Now, we want to convert our data into `pytorch` tensors. 

In [45]:
#right now, it is a double type, so we need to convert it to a float32
X_train = torch.from_numpy(X_train.astype(np.float32))
X_test = torch.from_numpy(X_test.astype(np.float32))
y_train = torch.from_numpy(y_train.astype(np.float32))
y_test = torch.from_numpy(y_test.astype(np.float32))

#we have to reshape our y tensors using .view() function from pytorch to reshape the tensor
y_train = y_train.view(y_train.shape[0], 1) #right now y only has 1 row and many columns, but we want it to have
#only 1 columns and many rows
y_test = y_test.view(y_test.shape[0], 1)

#defining the number of samples and features
n_samples = list(X.shape)[0]
n_features = list(X.shape)[1]

print(n_samples, n_features)

569 30


Now, we can set up the model.
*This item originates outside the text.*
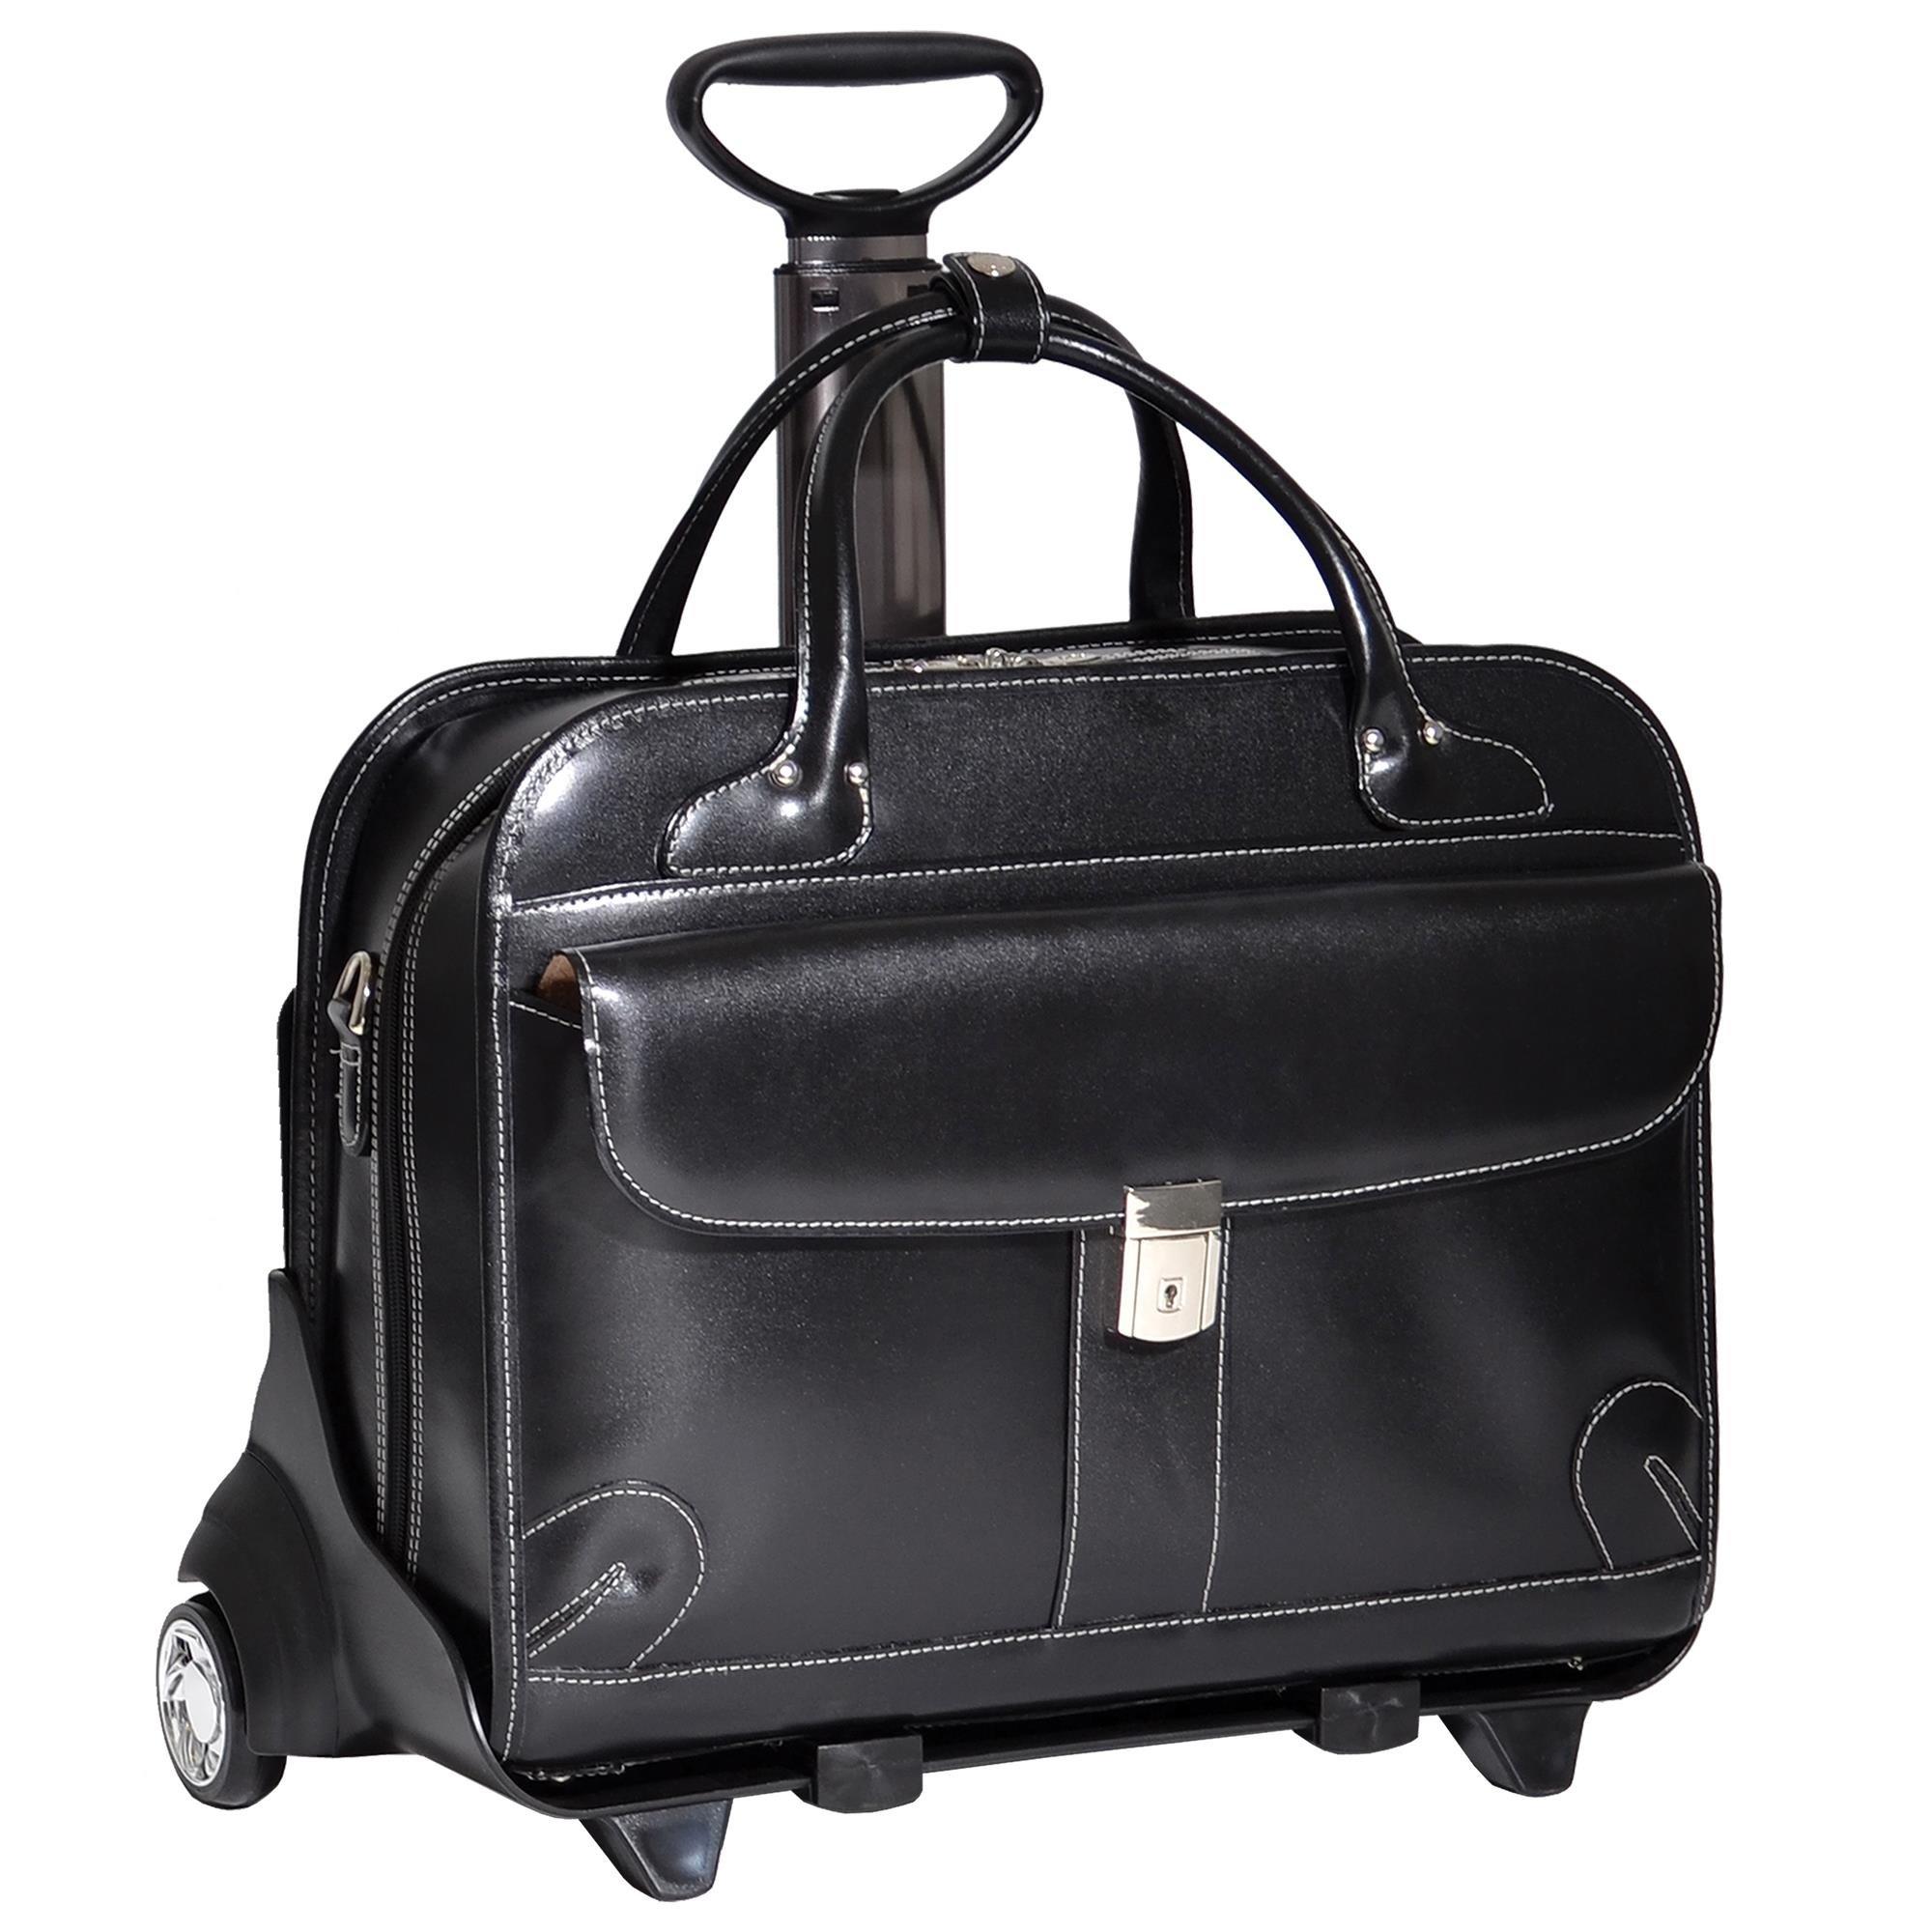 McKleinUSA LAKEWOOD 96615 Black Leather Fly-Through Checkpoint-Friendly Detachable-Wheeled Ladies' Briefcase

Our model is a linear combination of weights and a bias. In the logistic regression case, we apply a sigmoid function at the end. For this, we want to write our own class.

In [46]:
class LogisticRegression(nn.Module):
    
    #first the linear layer
    def __init__(self, n_input_features):
        super(LogisticRegression, self).__init__()
        self.linear = nn.Linear(n_input_features, 1) #out is 1 because we only want 1 output at the end
    
    #now we want to apply the sigmoid function
    def forward(self, x):
        y_predicted = torch.sigmoid(self.linear(x))
        return y_predicted

model = LogisticRegression(n_features)        

Now, we will define the loss and construct the optimizer.

In [47]:
#defining the learning rate
learning_rate = 0.01

#defining the loss function
criterion = nn.BCELoss() #binary cross entropy loss
optimizer = torch.optim.SGD(model.parameters(), lr = learning_rate)

Now, do to do the training loop:

In [48]:
#number of iterations
num_epochs = 100

#training loop
for epoch in range(num_epochs):

    #forward pass and loss
    y_predicted = model(X_train)
    loss = criterion(y_predicted, y_train)
    
    #backward pass - calculate the gradients
    loss.backward()
    
    #update the weights
    optimizer.step()
    
    #empty the gradient so the .grad() attribute does not have the added gradients because .backward() will do this
    optimizer.zero_grad()
    
    #print information
    if (epoch + 1) % 10 == 0:
        print(f'epoch: {epoch+1}, loss = {loss.item():.4f}')

epoch: 10, loss = 0.4750
epoch: 20, loss = 0.4174
epoch: 30, loss = 0.3752
epoch: 40, loss = 0.3428
epoch: 50, loss = 0.3169
epoch: 60, loss = 0.2958
epoch: 70, loss = 0.2781
epoch: 80, loss = 0.2631
epoch: 90, loss = 0.2501
epoch: 100, loss = 0.2388


Now, we want to evaluate our model on the testing data. The evaluation should not be part of the computational graph where we track the history.

In [49]:
with torch.no_grad():
    y_predicted = model(X_test)
    #now to convert to class labels (0, 1) - sigmoid will return values between 0 and 1 in decimals
    y_predicted_cls = y_predicted.round() #if we did not specify the with, this would be part of our computational graph
    
    #accuracy calculation
    acc = y_predicted_cls.eq(y_test).sum() / float(y_test.shape[0]) #for every correct prediction, we add + 1 
    #and divide by the number of test samples
    
    print(f'accuracy = {acc:.4f}')

accuracy = 0.8947


The accuracy is 89.5%. So, our logistic regression is doing fairly well. To improve the results, you can play around with the number of iterations, the learning rate, or trying out a different optimizer.